A baby is like an access-all-areas pass in Italy and I walked boldly to the front, just to check that we weren’t in a queue for a wake or something. The young lady was writing things down in what looked like a register and I could see the word ‘potatura’ which means pruning, written on her sheet, so this really was it. The reason the queue was moving so paralysingly slowly was that these old people were taking an aeon – each – to write their names and phone numbers on it. The weight given to each signature was as slow and deliberate as a judge signing someone’s death warrant.
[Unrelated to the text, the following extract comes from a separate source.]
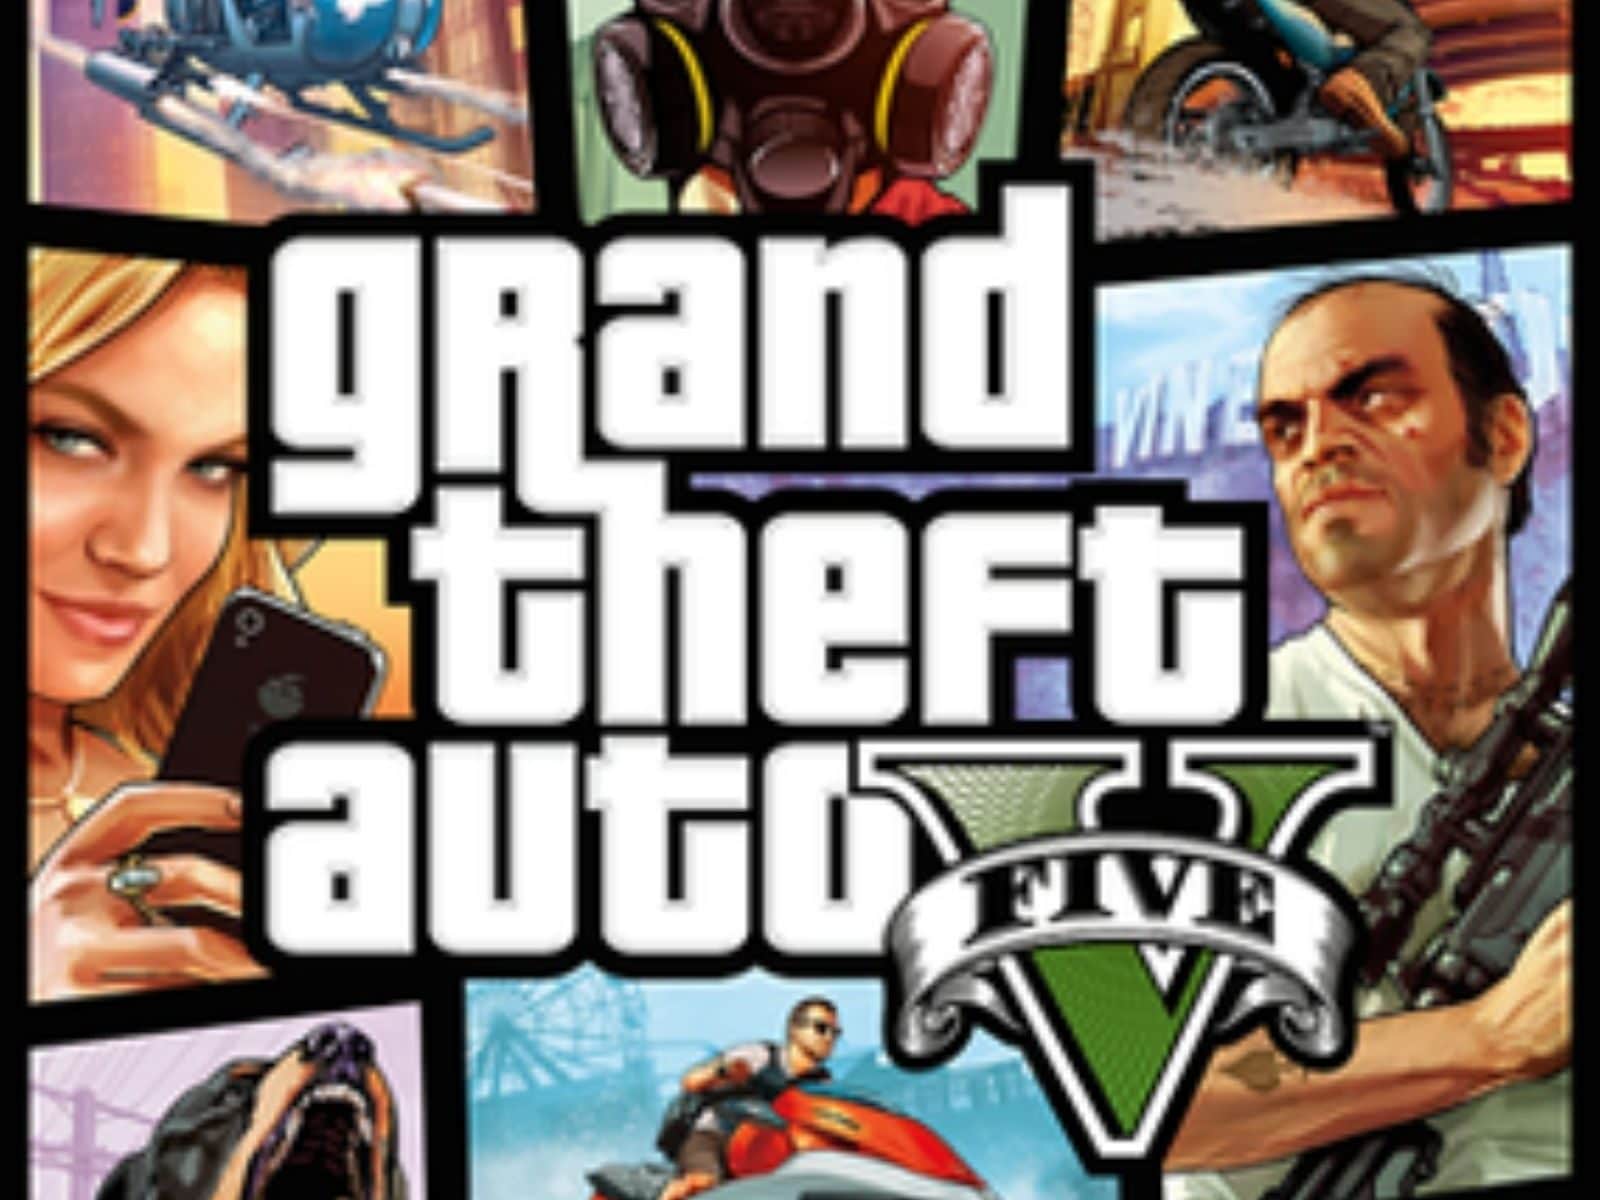 Grand Theft Auto V Is Now Available for PC - Rockstar Games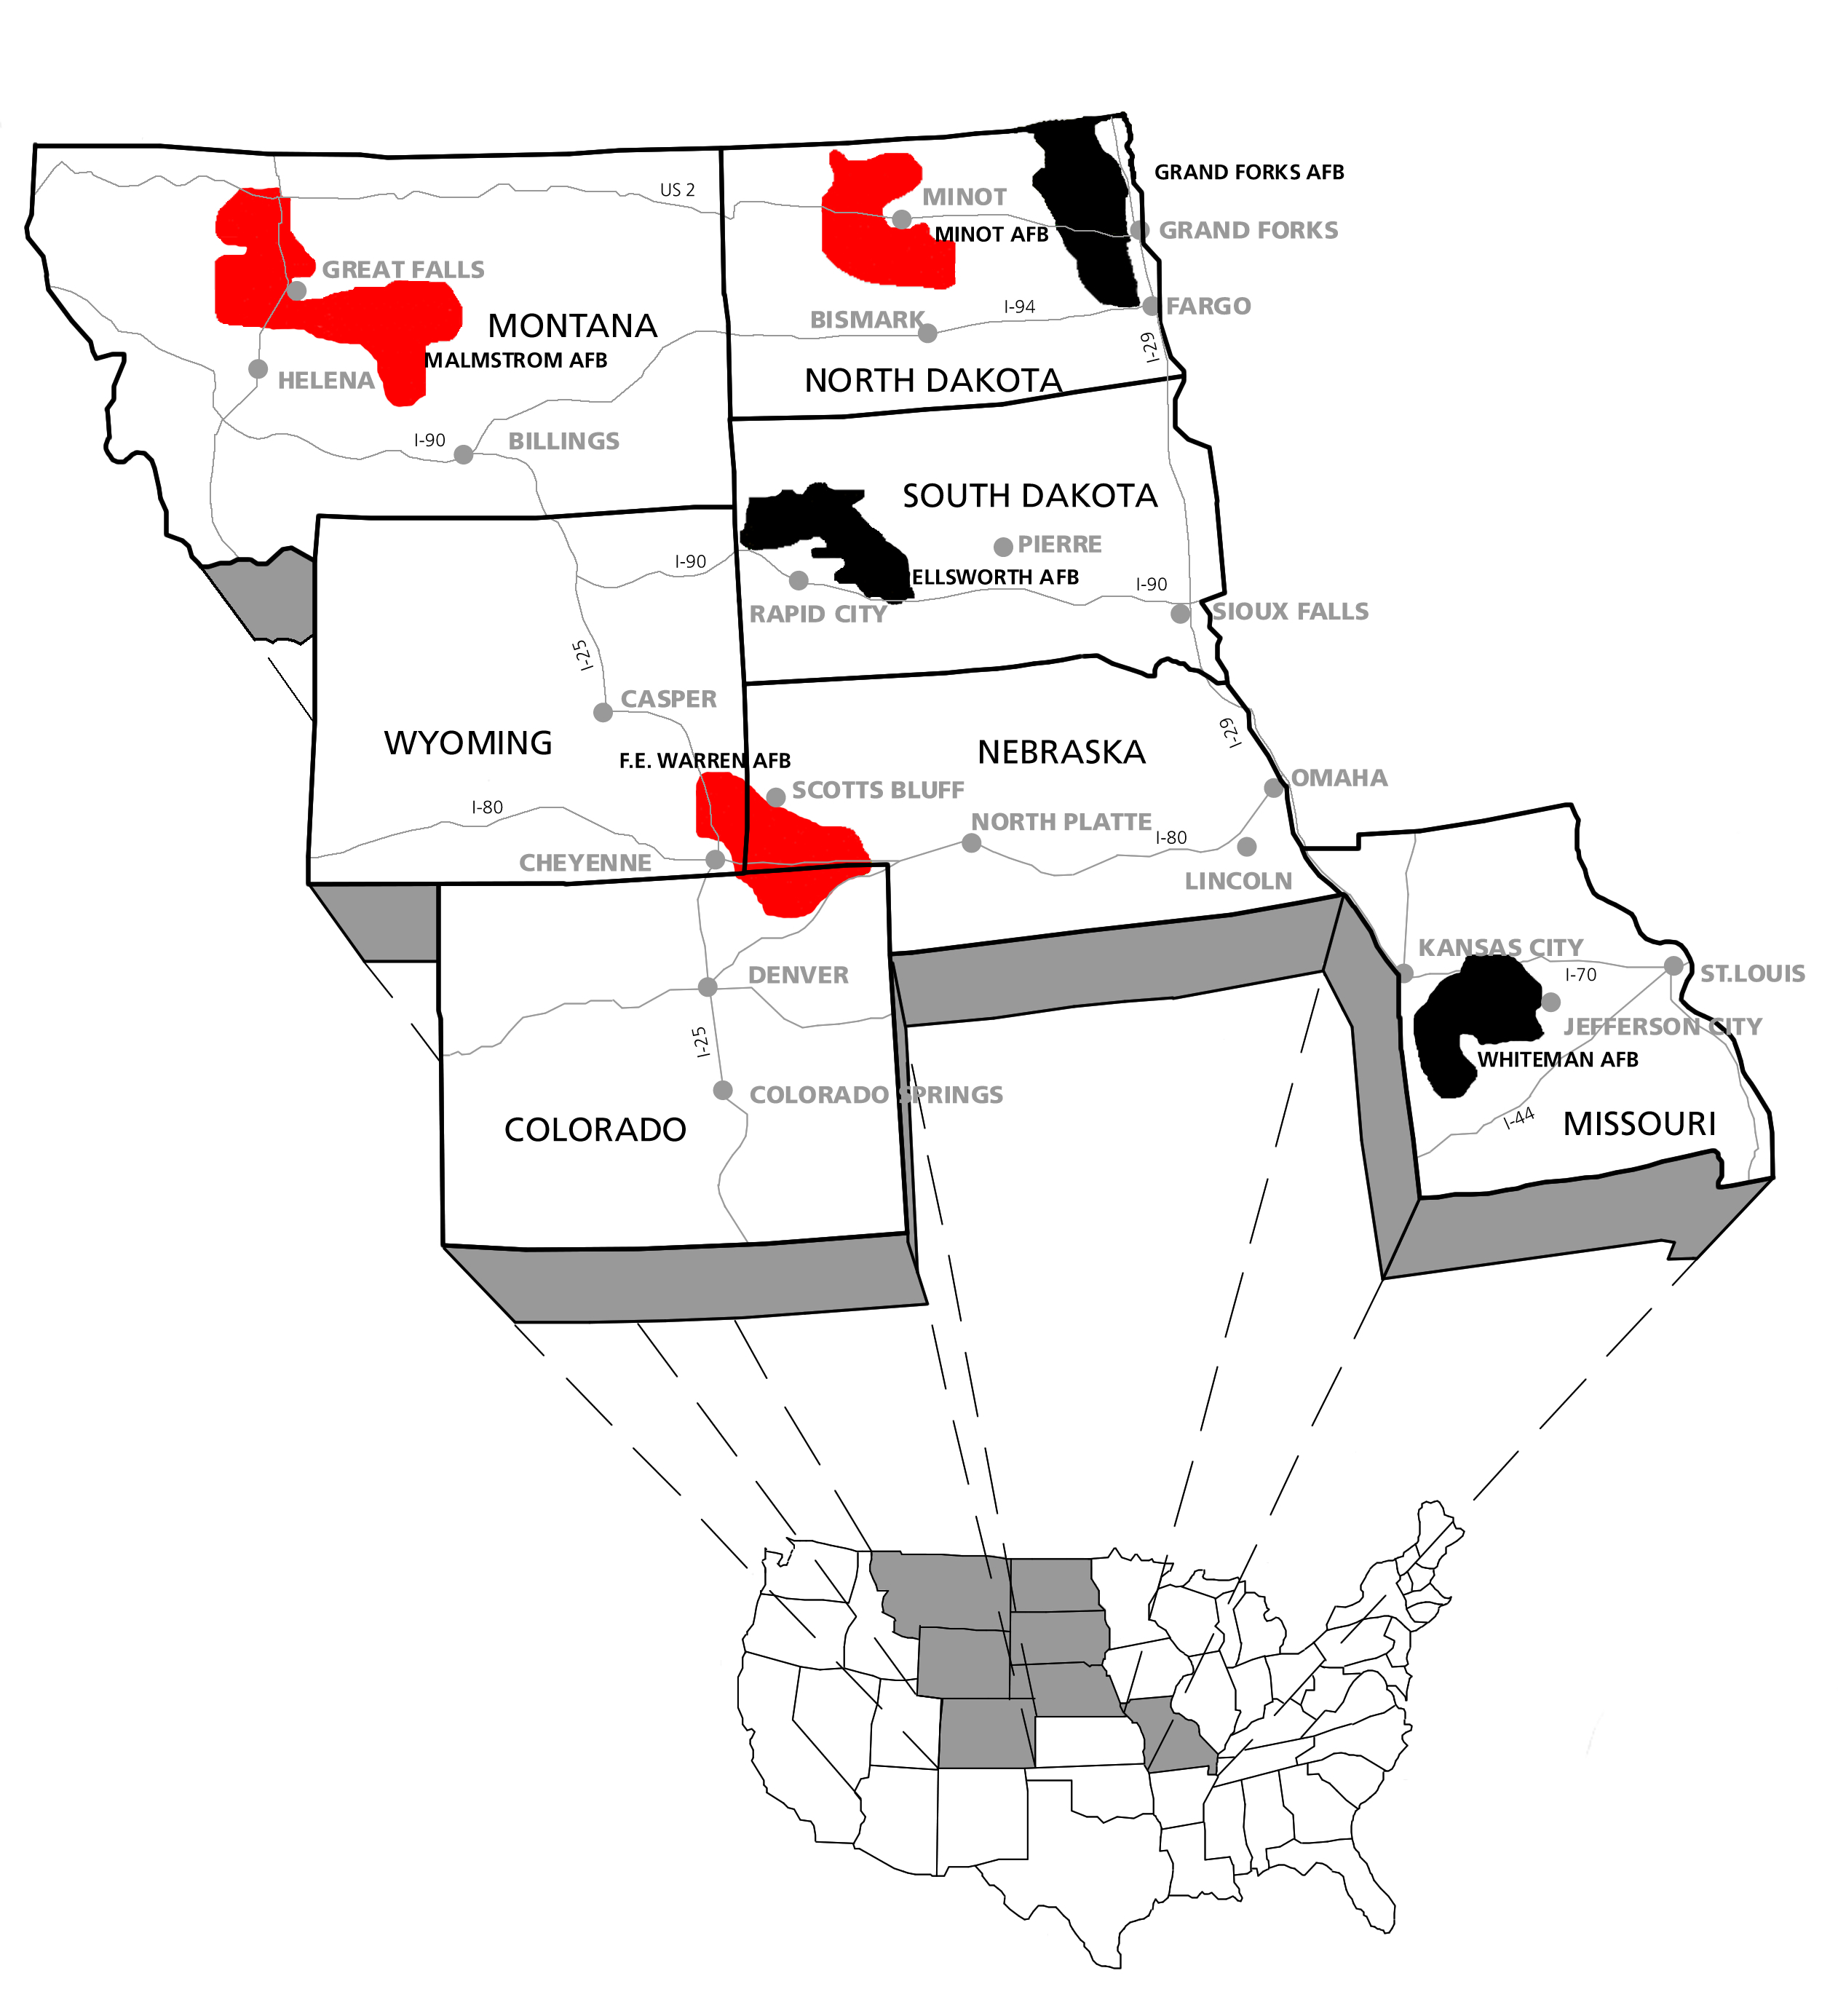 National Park Service map of active (red) and inactive (grey) Minuteman ICBM missile fields on the Great Plains.

Then it occurred to me that for some of these old geezers, their name was probably the only thing they could write, a theory borne out when the breezy man who’d been and gone, came again and, with scolding words, made a spelling correction to one of the old men’s scrawlings.
When we got to the front of the queue, we realized we were in more-or-less the same illiterate boat as the rest of them. First of all we got in a muddle trying to explain that we didn’t have a phone number – one of those situations where I always say too much. Where ‘non telefono’ would probably have got the message across, instead I decided to try to explain that we were redoing our house and still waiting for a phone line to be put in; what came out was something like ‘The house, yours, is being reseeded and we are late for the string.’
Then we got in a pickle about where to put our first names and where our surnames, and also whether we needed to put Rosie down (London habits making us think that this list might also serve as a checklist should the place be bombed). In the end I put Cathy where I should have put Rogers and Jason where I should have put Gibb – with everything leftover going in the column for first names. The result was that for that evening and for the duration of the course, Jason would be known as ‘oceantelfordgibb’ and I as ‘androsierogers’.